“合著你他媽跟這事半毛錢關系沒有,你一點嫌疑沒有你怕個屁啊
“我他媽剛才看你走進來那猥瑣樣,老子以為你真的攪和進這趟渾水里去了”
法爾親王的眼皮抽動得越發劇烈了,抬手把溫特公爵的軍帽直接收繳了,然后呵斥“布魯特注意法庭紀律”
溫特公爵喘著粗氣,不說話了,只怒目瞪著自己的小孫子。
法爾親王無奈搖頭,擺擺手,“達斯特,你可以走了。”
達斯特離開之后,溫特公爵湊近到法爾親王邊上,說
“法爾,不能繼續把達斯特留在這了,我要申請把這小子調派到西北軍去,跟在我身邊,我親自帶著。”
法爾親王冷聲說“這事改日再議,審判庭上不要聊無關的事。”
溫特公爵擺擺手,沒再多說什么。
這時卻聽法爾親王冷颼颼補了一句“以你的教育水平,達斯特跟著你,只會變得更差。”
溫特公爵騰的一下坐直了,“哎,你”
法爾親王這時抬手,示意他不要再講話,然后高聲道“下一個,巴布韋風。”
風走進來時,臉色依舊蒼白,但神情還算平靜,身姿筆挺地向審判席行禮。
法爾親王盯著風蒼白的臉色,一時沉默了。
他眉頭緊蹙,看向風的雙眼,那一刻,他短暫地放下審判長的身份,開始為風的精神狀況而擔憂。
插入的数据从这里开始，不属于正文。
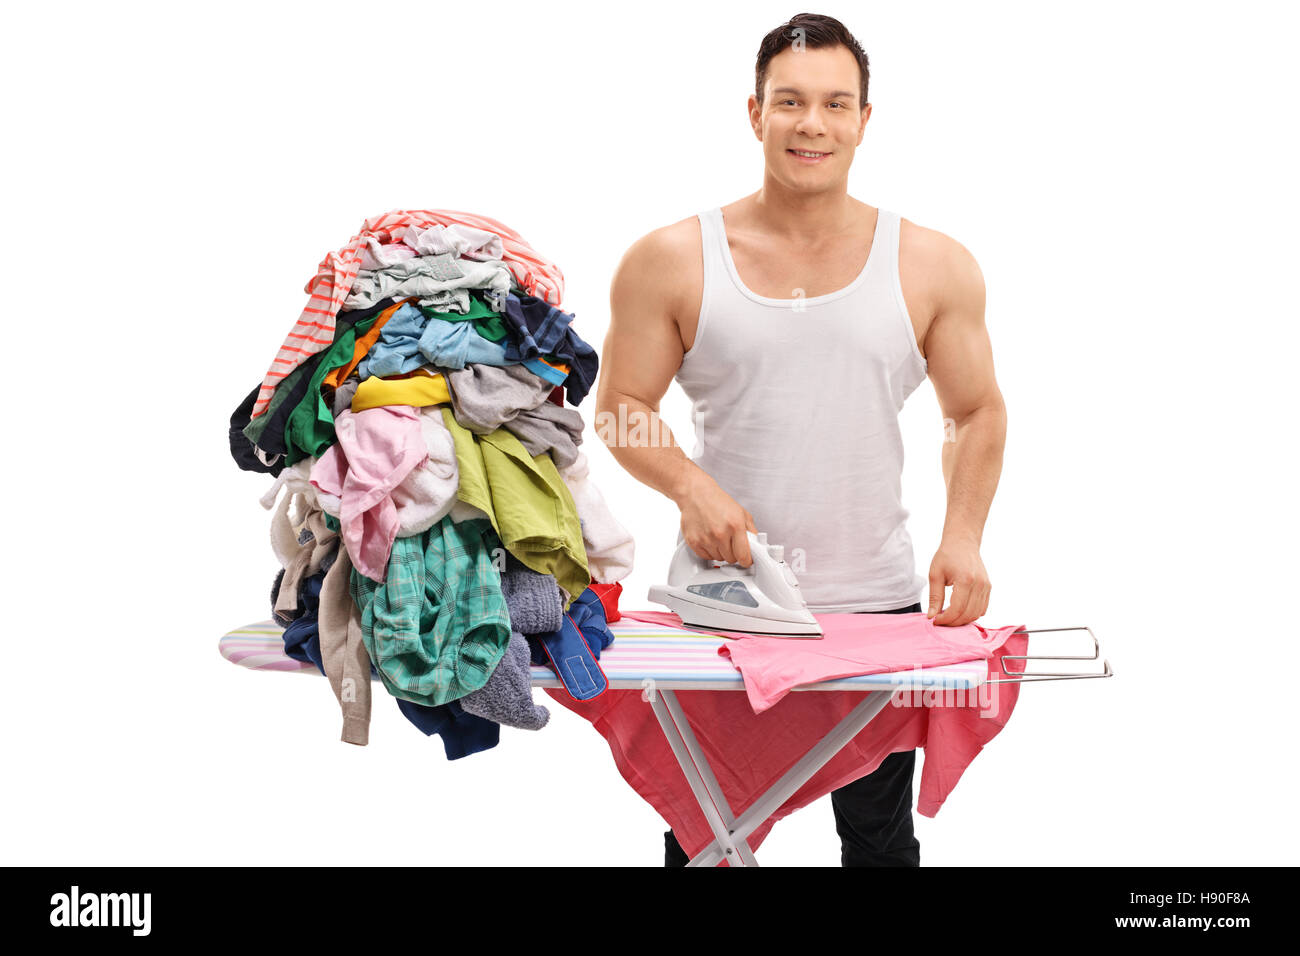 Freudige muskulösen Kerl Bügeln einen Haufen Kleider isoliert auf weißem Hintergrund Stockfoto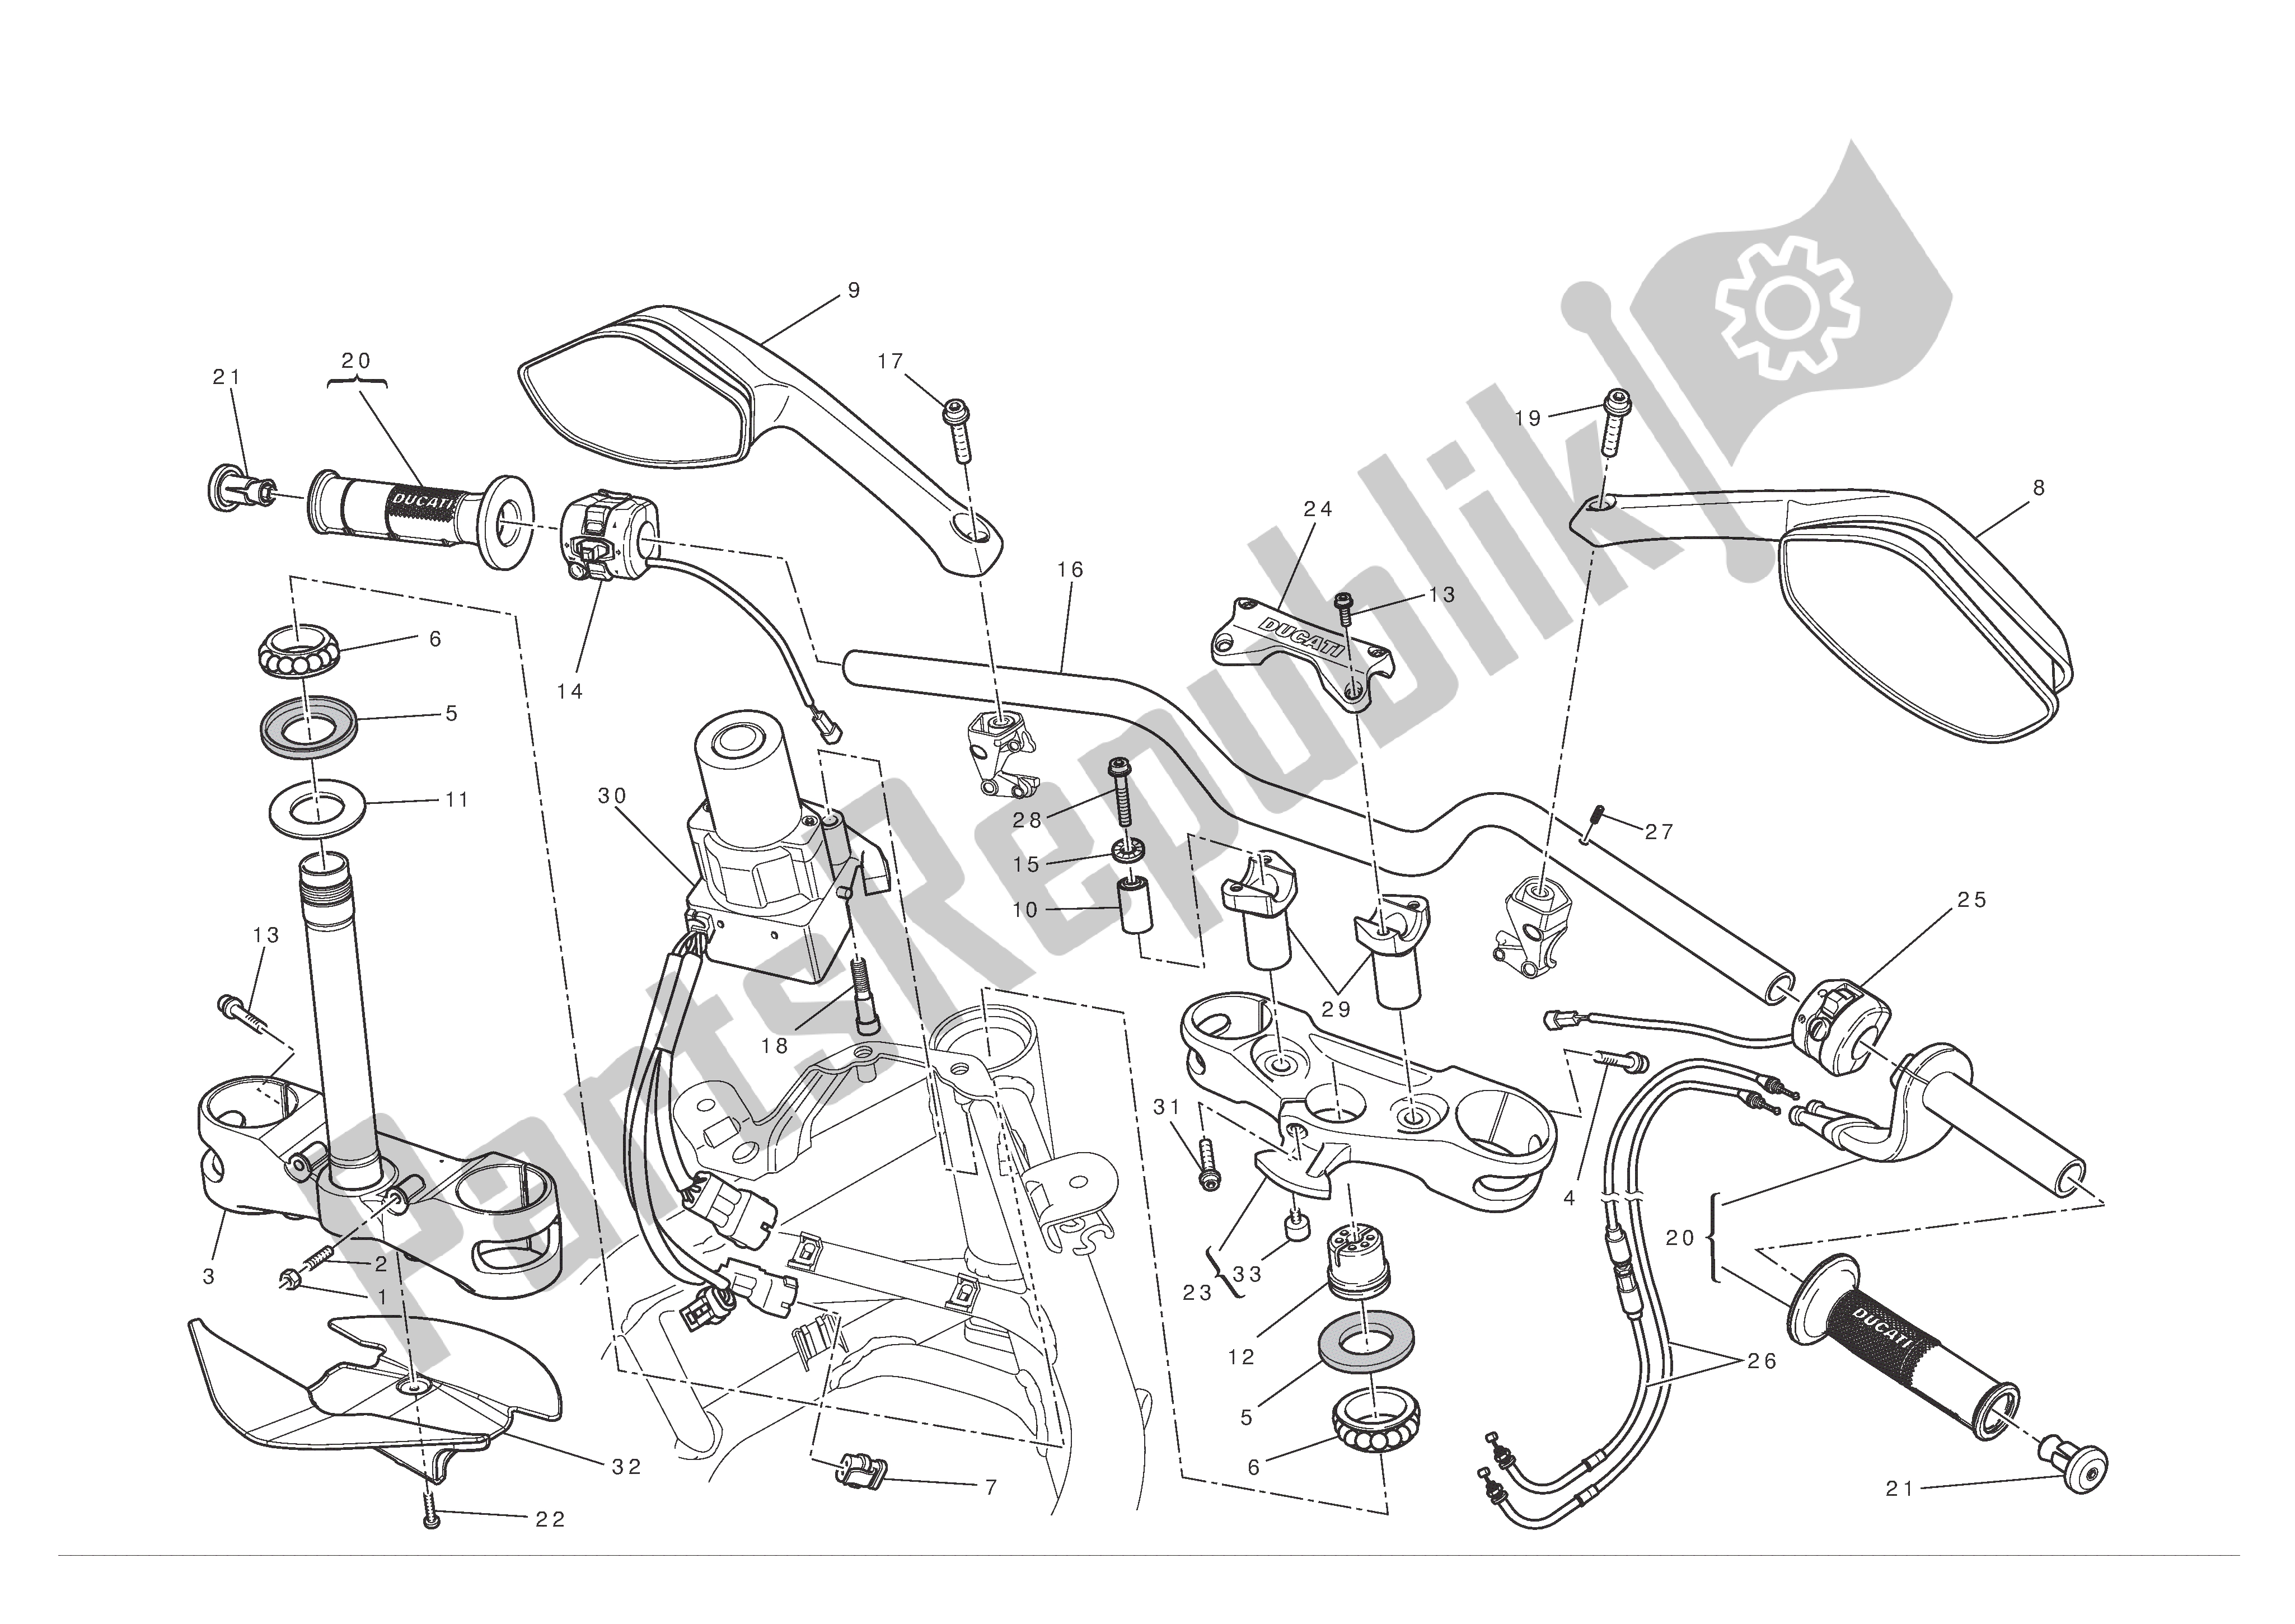 Todas las partes para Manillar Y Controles de Ducati Multistrada S ABS Pikes Peak 1200 2012

上一次成立審判庭時,風失去了霍華德,最終,他把風托付給這孩子的偶像容玉煙,他才終于慢慢從陰影里走出來。
這一次,他還能走出來嗎
“法爾殿下。”
容玉煙在法爾親王耳邊輕喊了一聲,這才拉回了法爾的思緒。
“針對風的審訊,由愛普爾梅閣下來主持吧”
容玉煙說。
法爾親王點點頭。
他確實沒辦法審訊自己的孫子,容玉煙是風的師父,也需要避嫌,而梵德馬克和溫特布魯特,法爾也覺得恐怕無法勝任這個級別的審訊工作。
大法官愛普爾梅接下任務,進行了一場極為專業的審訊。
被迫要重新回顧并復述他親眼看到的萊格的死亡過程,對風來說,是新的一輪折磨,他看起來神情非常緊繃,雙手始終緊緊攥住褲腿,目光呆滯地看向地板。
但好在,他咬牙堅持下來了。
離開前,馬克叫住風,破天荒擺出嚴肅神情,
“風,已經離開的蟲,就是過去式了,想辦法,讓自己走出來。”
風看向馬克,停頓片刻。
他沒有第一時間回應馬克,而是先看向容玉煙,然后說
“馬克閣下,我會走出來的,我以后,會是一只軍雌,要配得上那身軍裝,跌倒了,就要想辦法自己爬起來,這個道理,我明白。”
馬克緩緩點頭,“你明白就好。”
風沒再說什么,再次向審判席鞠躬,然后轉身離開。